- [About this exercise]
What you should give back is a precise copy of the lines below from the one containing "2553_FlexTile_1600x1000.jpg" through the one containing "Эспандер многофункциональный ES-802", with no pictures.

- [Entries shown]
• • • •

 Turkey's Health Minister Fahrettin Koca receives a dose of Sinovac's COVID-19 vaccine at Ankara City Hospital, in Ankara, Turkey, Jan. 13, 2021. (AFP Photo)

• • • •

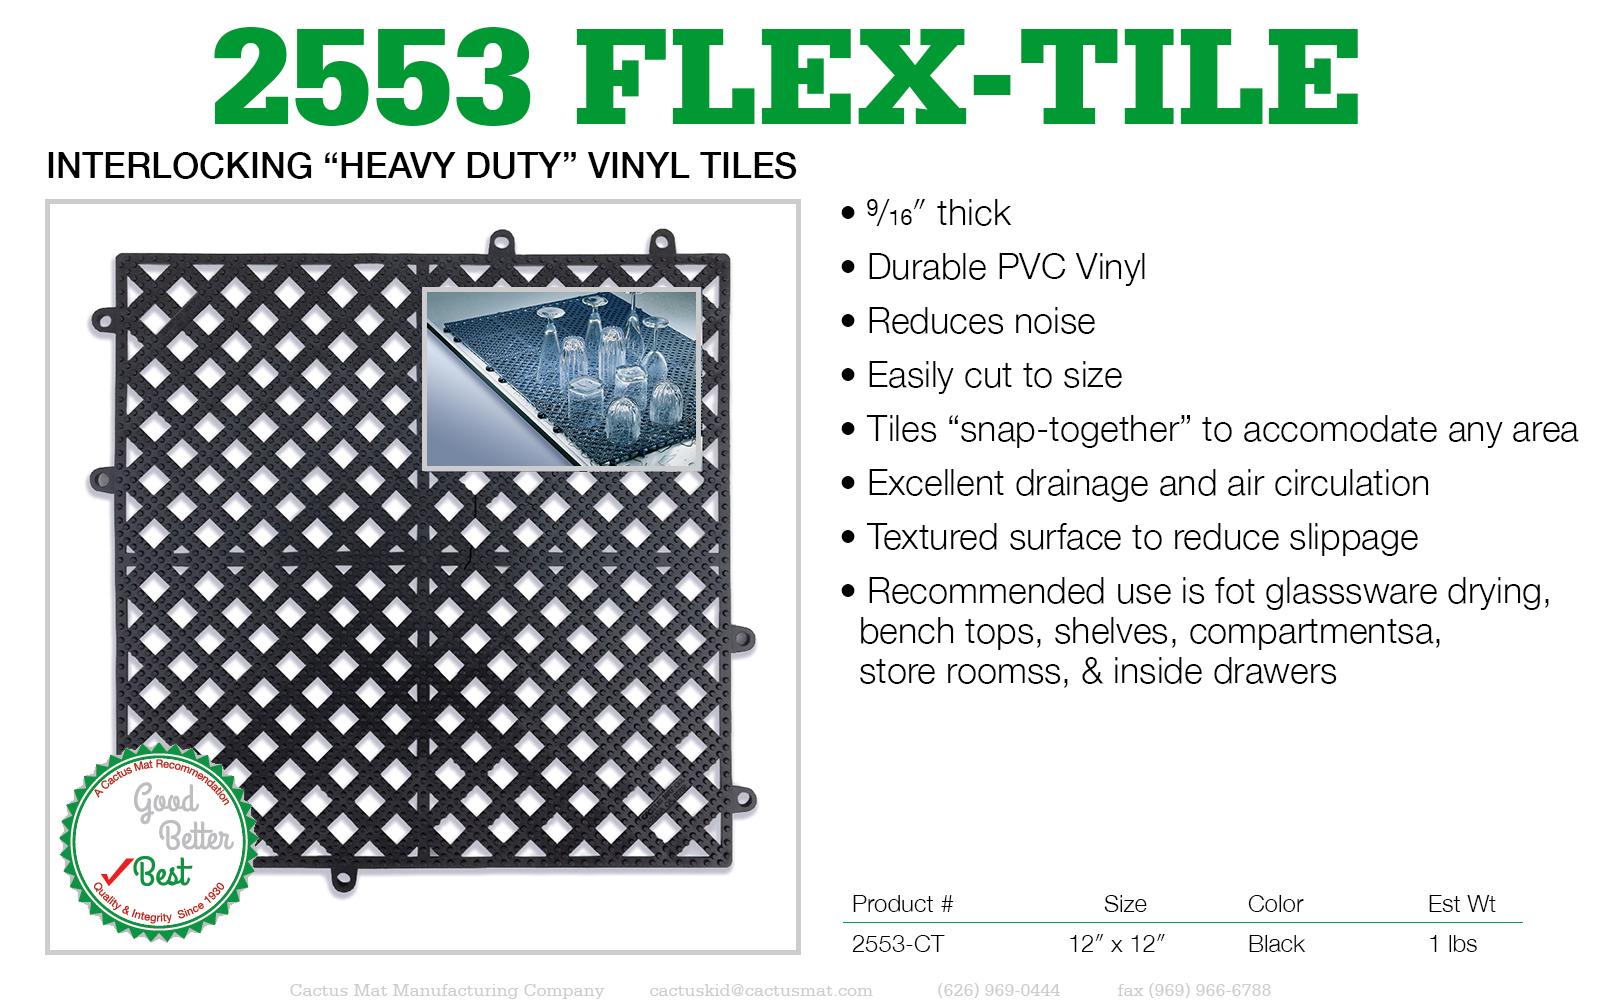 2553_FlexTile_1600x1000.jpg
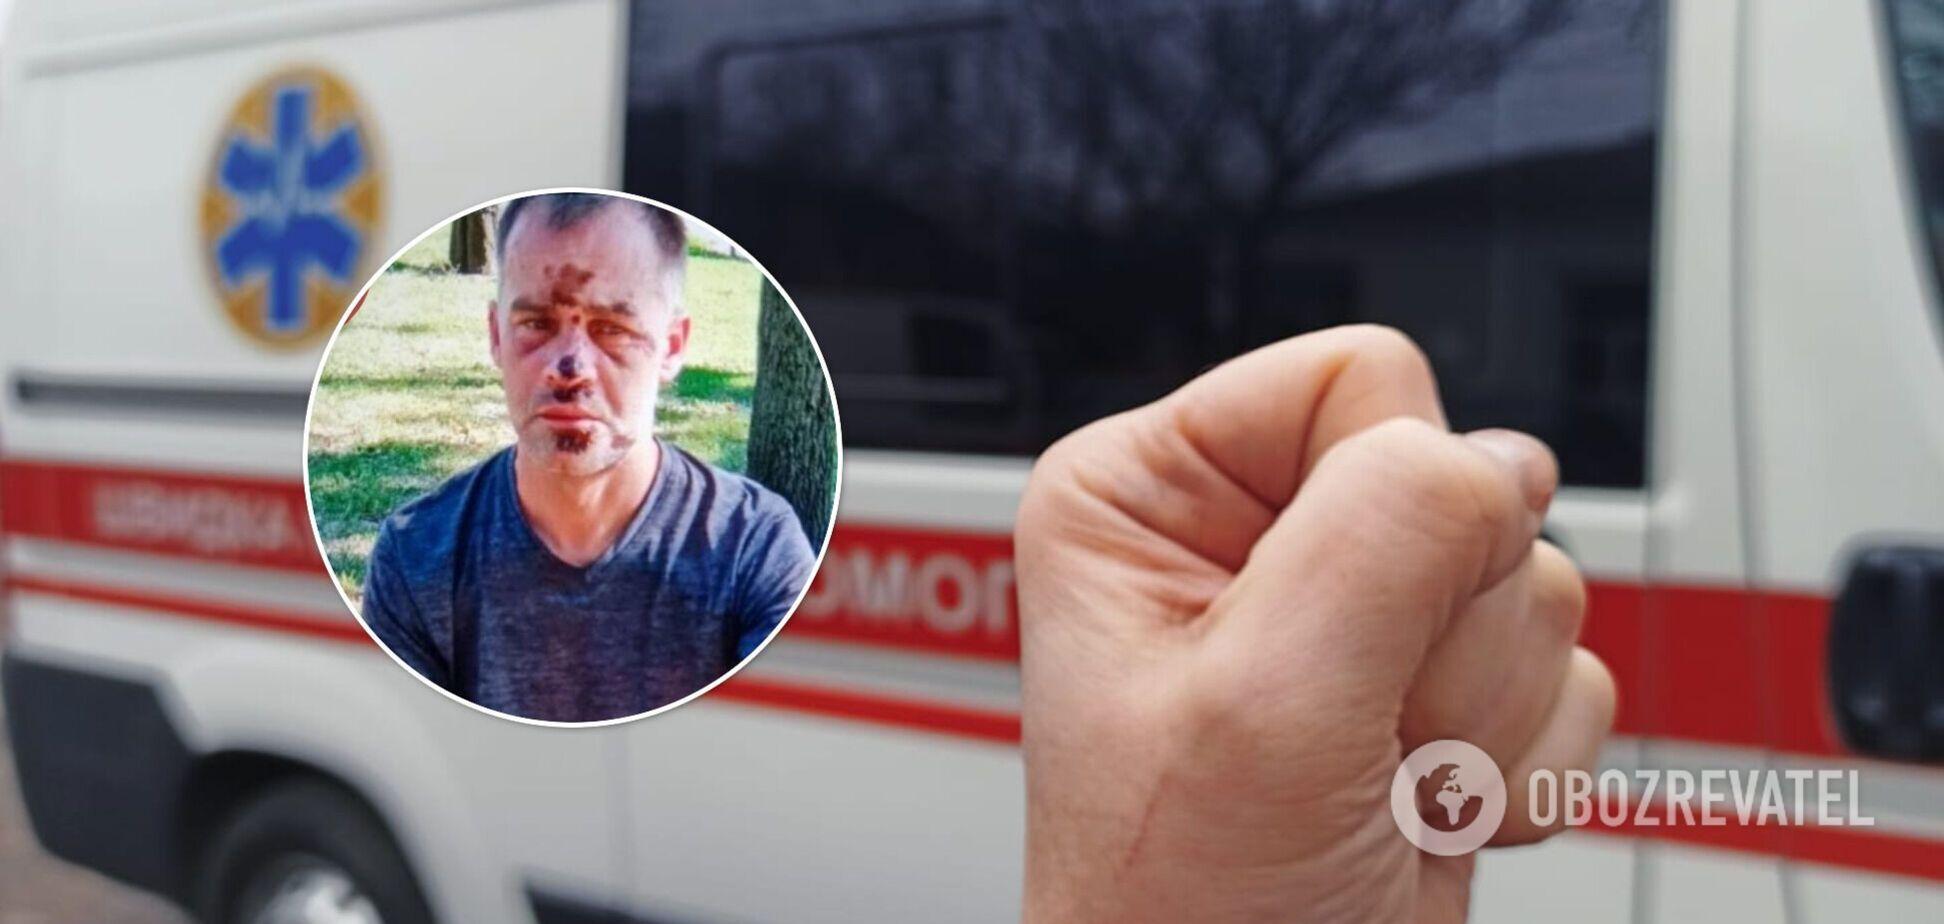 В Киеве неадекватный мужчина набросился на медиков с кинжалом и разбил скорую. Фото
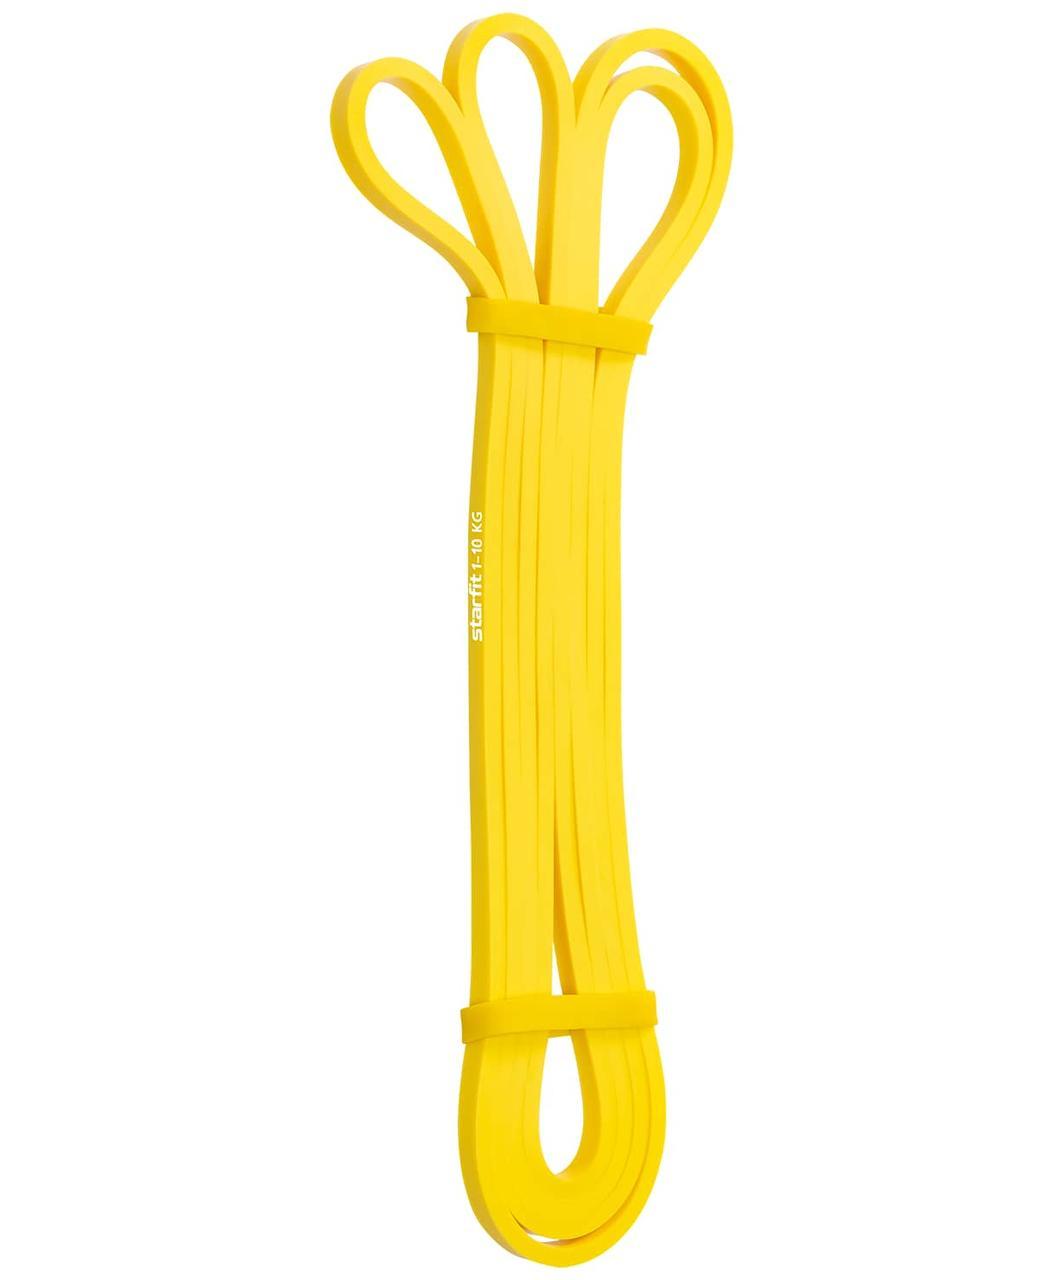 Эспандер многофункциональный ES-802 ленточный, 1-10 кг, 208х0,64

• • • •

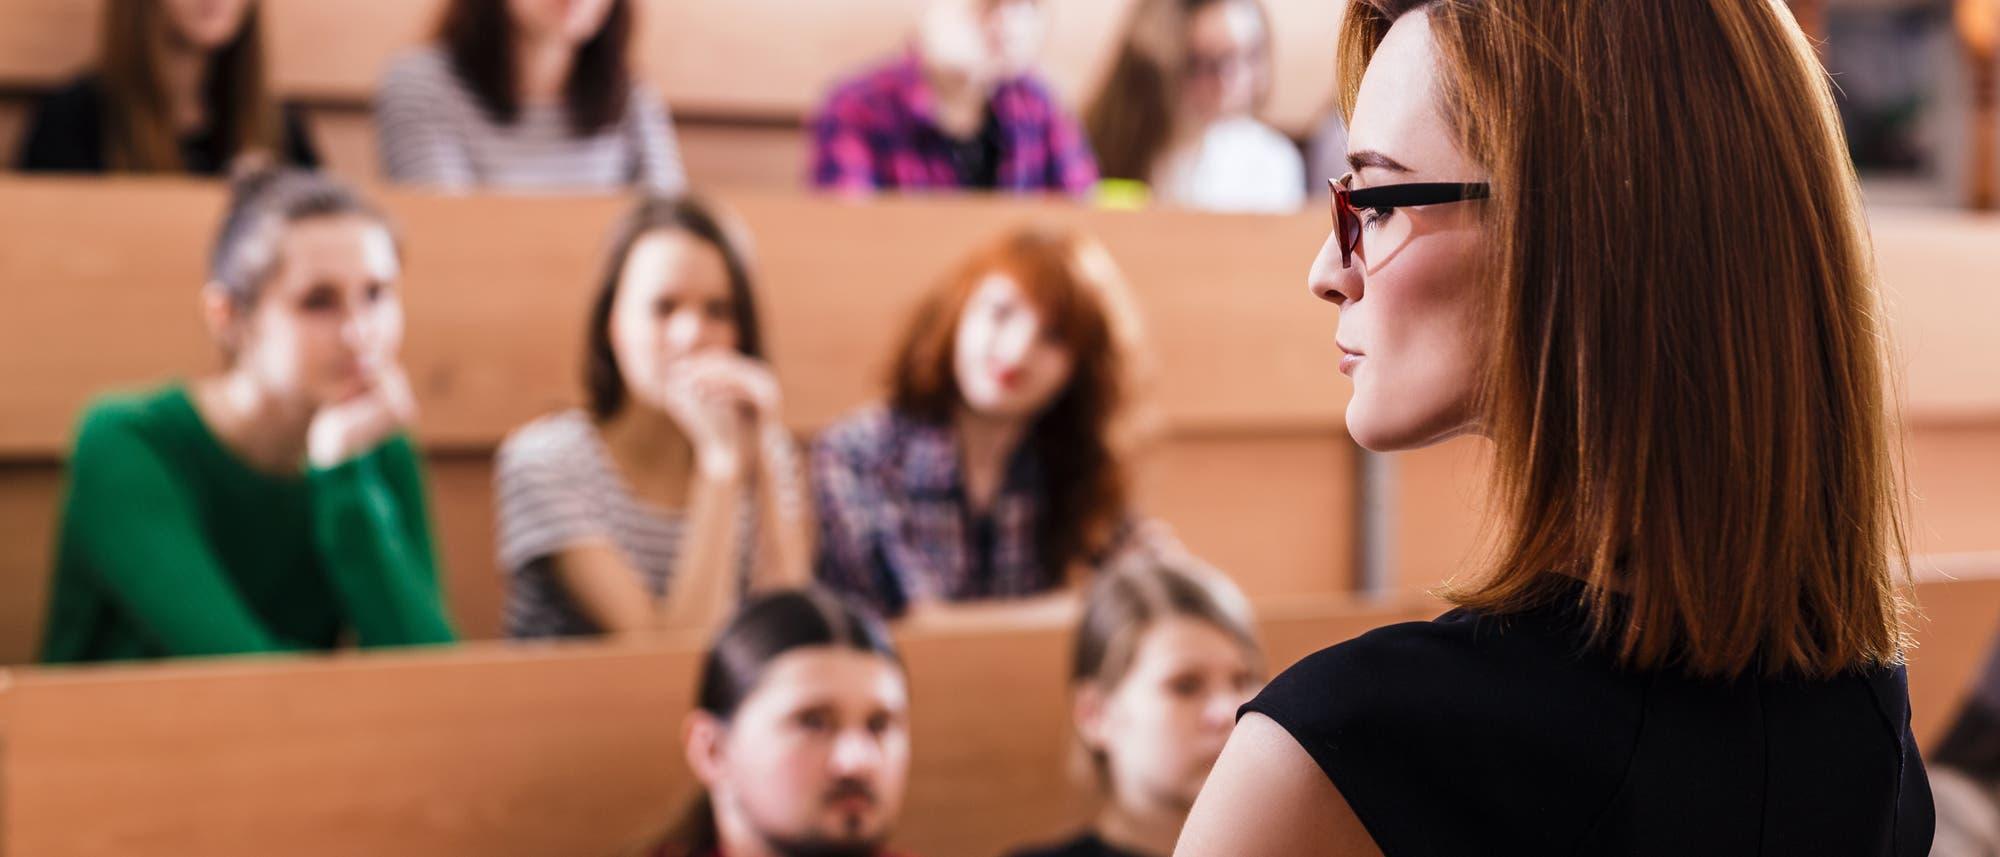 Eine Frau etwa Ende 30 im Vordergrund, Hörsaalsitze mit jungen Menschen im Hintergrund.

• • • •

- [Completed exercise]
 2553_FlexTile_1600x1000.jpg
 В Киеве неадекватный мужчина набросился на медиков с кинжалом и разбил скорую. Фото
 Эспандер многофункциональный ES-802 ленточный, 1-10 кг, 208х0,64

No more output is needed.